甜蜜的未生即死的语言
南方的冬天如同春天,小风轻寒,花自开落,空气里都是恋爱的气息,如此好天,正宜于讀诗。2015年的开卷阅读是穆旦的《诗八首》,这组诗作于1942年初春穆旦在西南联大时,时年24岁,正是光华四射的年龄。“静静地,我们拥抱在用言语能照明的世界里,而那未形成的黑暗是可怕的,那可能的和不可能的使我们沉迷。那窒息我们的,是甜蜜的未生即死的语言……”这组诗因印于金宇澄的《繁花》封底,所知者渐众。这是新诗里最有光芒的一首,我见之心喜,是因为诗里出现了那些日子我经常在想的一些词:“言语”“照明”“爱”“秩序”。这是一个怀爱之人说出的话,“从这自然底蜕变程序里,我却爱了一个暂时的你”。他说过往的影像里的你已不是你,并为之黯然神伤。其实我们所爱者,都是时光里一个“暂时的你”。所以我们写信、读信,都是为了让这一个“你”站在“言语能照明的世界里”,那个言语构成的世界,“它底幽灵笼罩,使我们游离,游进混乱的爱底自由和美丽”。
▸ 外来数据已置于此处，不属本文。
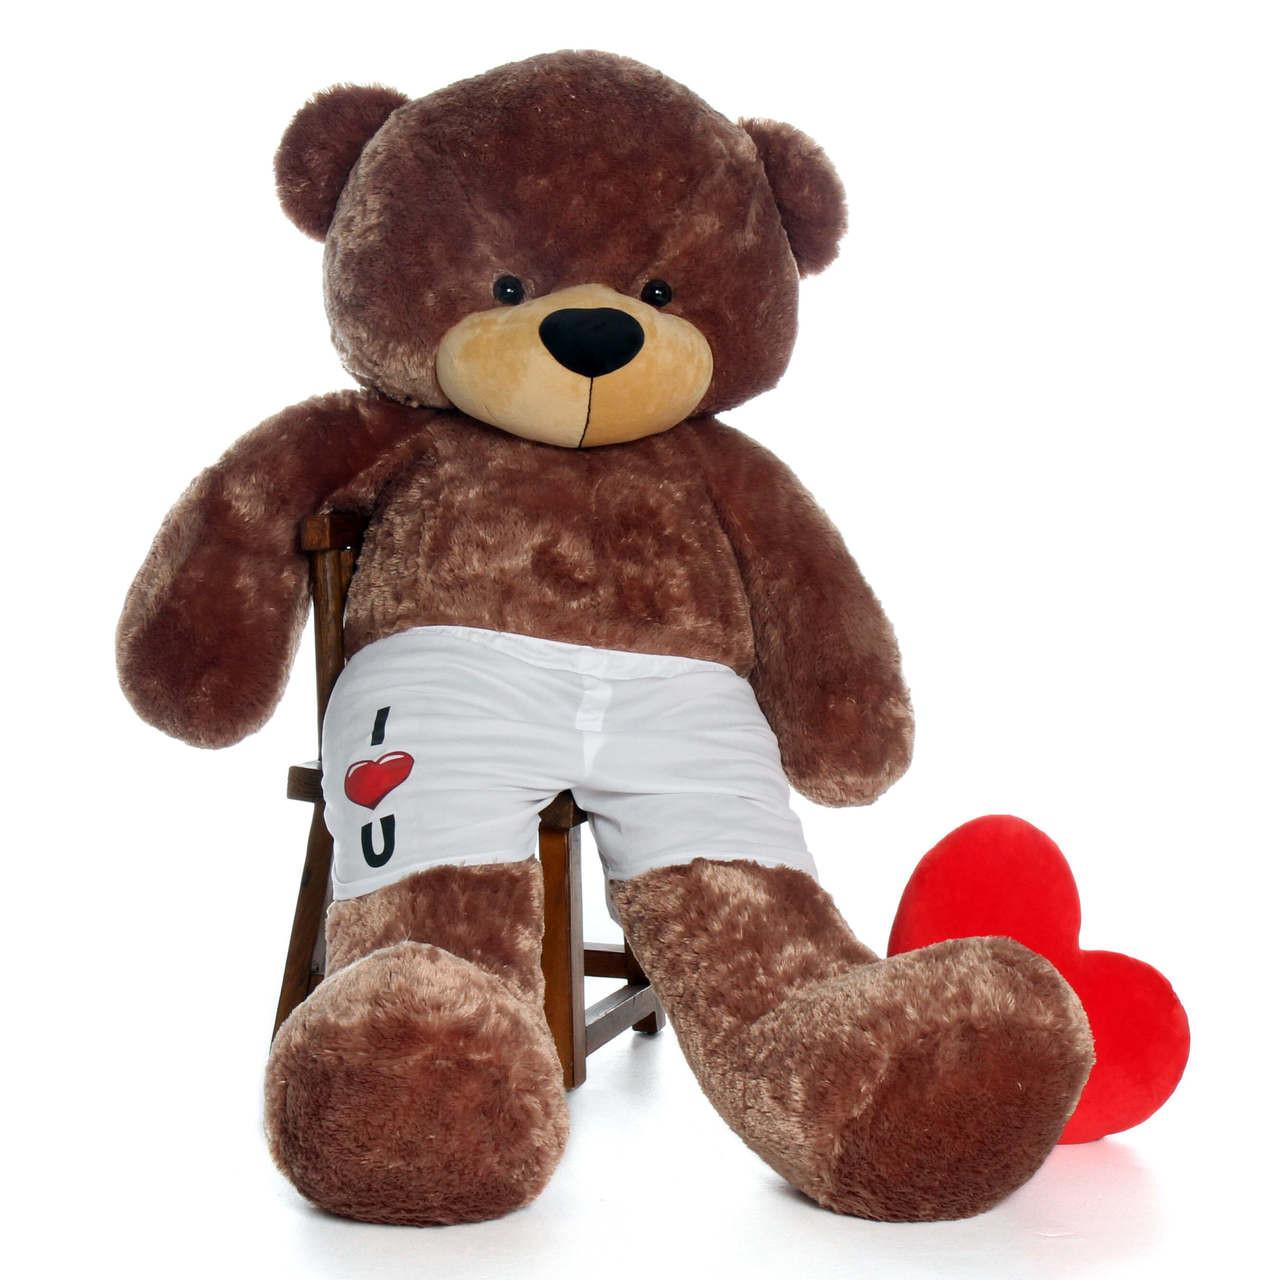 6ft Sunny Cuddles Giant Mocha Teddy Bear in I Heart U Boxers

可是我们向往的,更是在言语所不及的黑暗里——“你底年龄里小小的野兽,它和青草一样地呼吸,它带来你底颜色,芳香丰满,它要你疯狂在温暖的黑暗里……”
着 魔
年初坊间新书还不是很多,侦探小说依然是最大的遣兴读物,劳伦斯·布洛克《繁花落尽》的好感仍在,又读了《小城》。严格意义上,这不是一部侦探小说。他让凶手——一个在“9·11”死去了亲人的白人老头,在全书三分之一处就早早出了场。透过这个老人的眼睛来看纽约,这个城市是一个怪物,它需要生命的献祭,无数牺牲者的灵魂进入城市的躯体,让它变得更伟大也更丰富。